The first record of a building at this lot appears in a Spanish map dated January 22, 1764. The building was most likely used as a dwelling during the First Spanish Period. During St. Augustine's British Period (1763-1783), the house belonged to a British Captain, Henry Skinner, and changed hands several times during the British occupation.[1] St. Augustine was ceded back to the Spanish with the 1783 Treaty of Paris. At this time, a Menorcan man named Bernardo Segui bought the lot from Pablo Cortina; the home had a first floor made of coquina and a wooden second floor. The lot also accommodated a small two-room building on Artillery Lane. Bernardo and his wife had six children and most likely made additions to the dwelling.[2]
In 1824, Bernardo Segui's widow rented out the house to Judge Joseph Lee Smith, a judge in the Supreme Court of Florida. Judge Smith's son Edmund Kirby Smith, who would go on to become a Confederate general, was born there. The Smith family later became full owners of the building. In 1863, the Union occupiers of St. Augustine banished Edmund's mother, Frances Kirby Smith, from the city on suspicion of spying for the Confederacy.[3] Alexander Darnes, the son of the enslaved woman Violet Pinkney, also lived in the house. In 1855, Darnes left St. Augustine to serve as valet to Edmund Kirby Smith during his military service in the Western Territories and throughout the Civil War. After the South lost the war, Darnes went on to earn a medical degree in 1880 at Howard University, moved back to Florida, and became one of the first African American doctors in the state. In 1887 the Smiths sold the house to E.P. Dismukes. Mr. and Mrs. John L. Wilson bought the home in 1894.[2] According to the will of the Wilsons, the Segui-Kirby Smith House was to be used as a library for the citizens of St. Augustine. At first it was the property of the St. Augustine Library Association. In 1894 a public library moved into the house, from the second story of what is now the Governor's House Museum and Cultural Center.[2]

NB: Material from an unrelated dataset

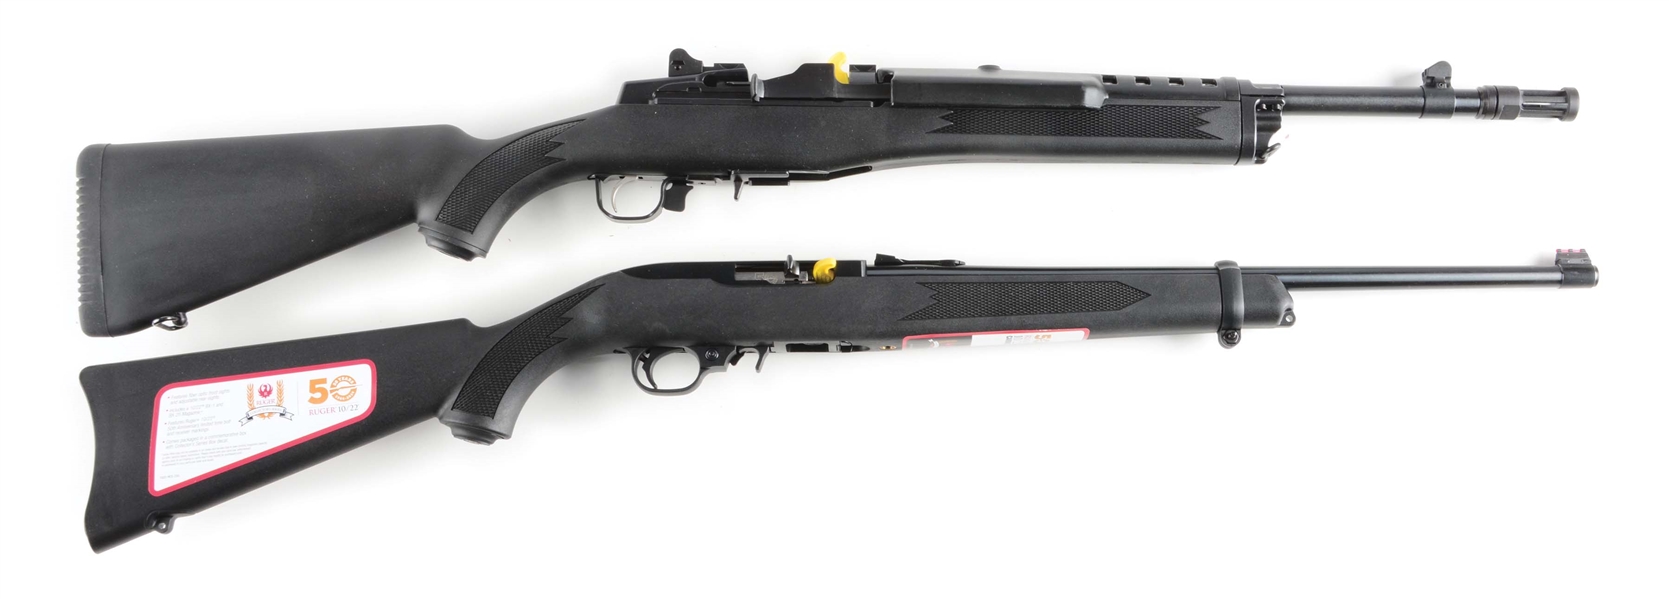 (M) LOT OF 2: BOXED RUGER SEMI-AUTOMATIC RIFLES.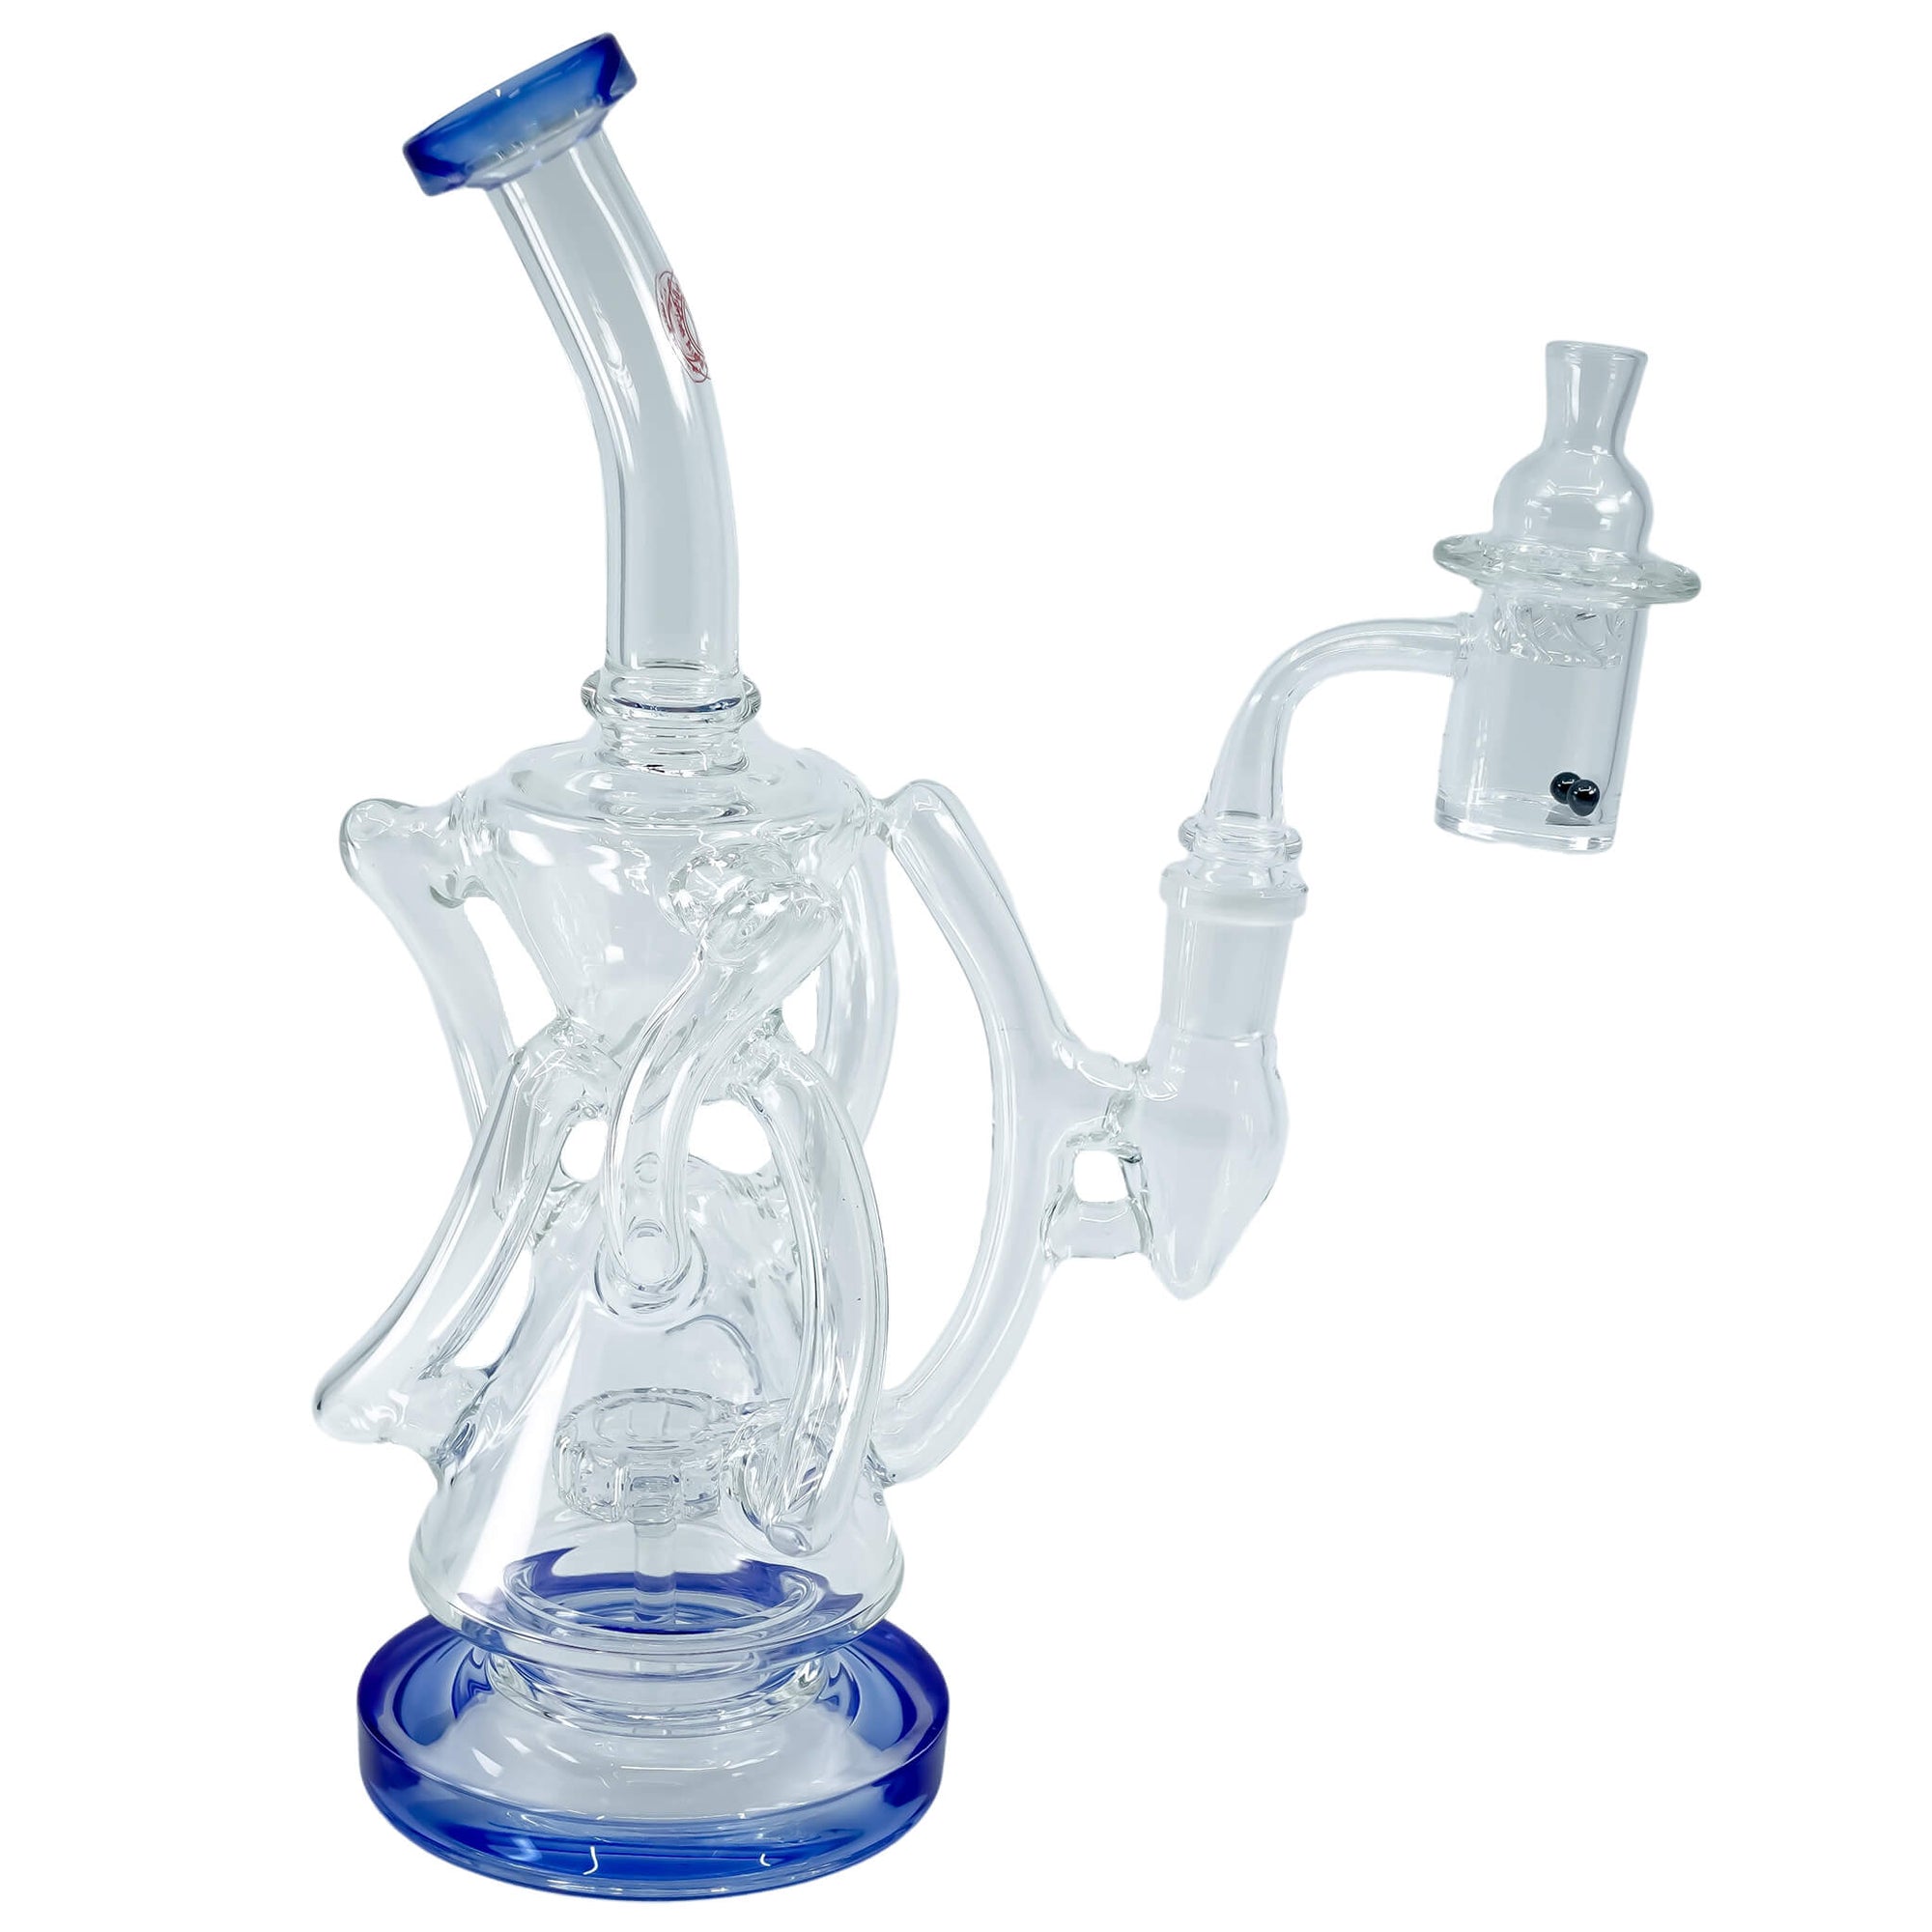 Trifecta 25mm Handmade Joint Complete Dabbing Kit #1 | Blue With SiC View | TDS

Outside the house on Aviles Street stands a historical marker designating the home as one of the thirty-six remaining Spanish Colonial homes in St. Augustine.[4] Maria Kirby-Smith, great-granddaughter of Edmund Kirby Smith, completed a bronze statue of the general and of Darnes titled "Sons of St. Augustine" in 2004. The statue stands in the courtyard of the Segui-Kirby Smith House today (2020).[5] The house and its outbuildings are used by the St. Augustine Historical Society to serve as the location for its research library, archives, and collection storage. The space includes a public reading room.[6]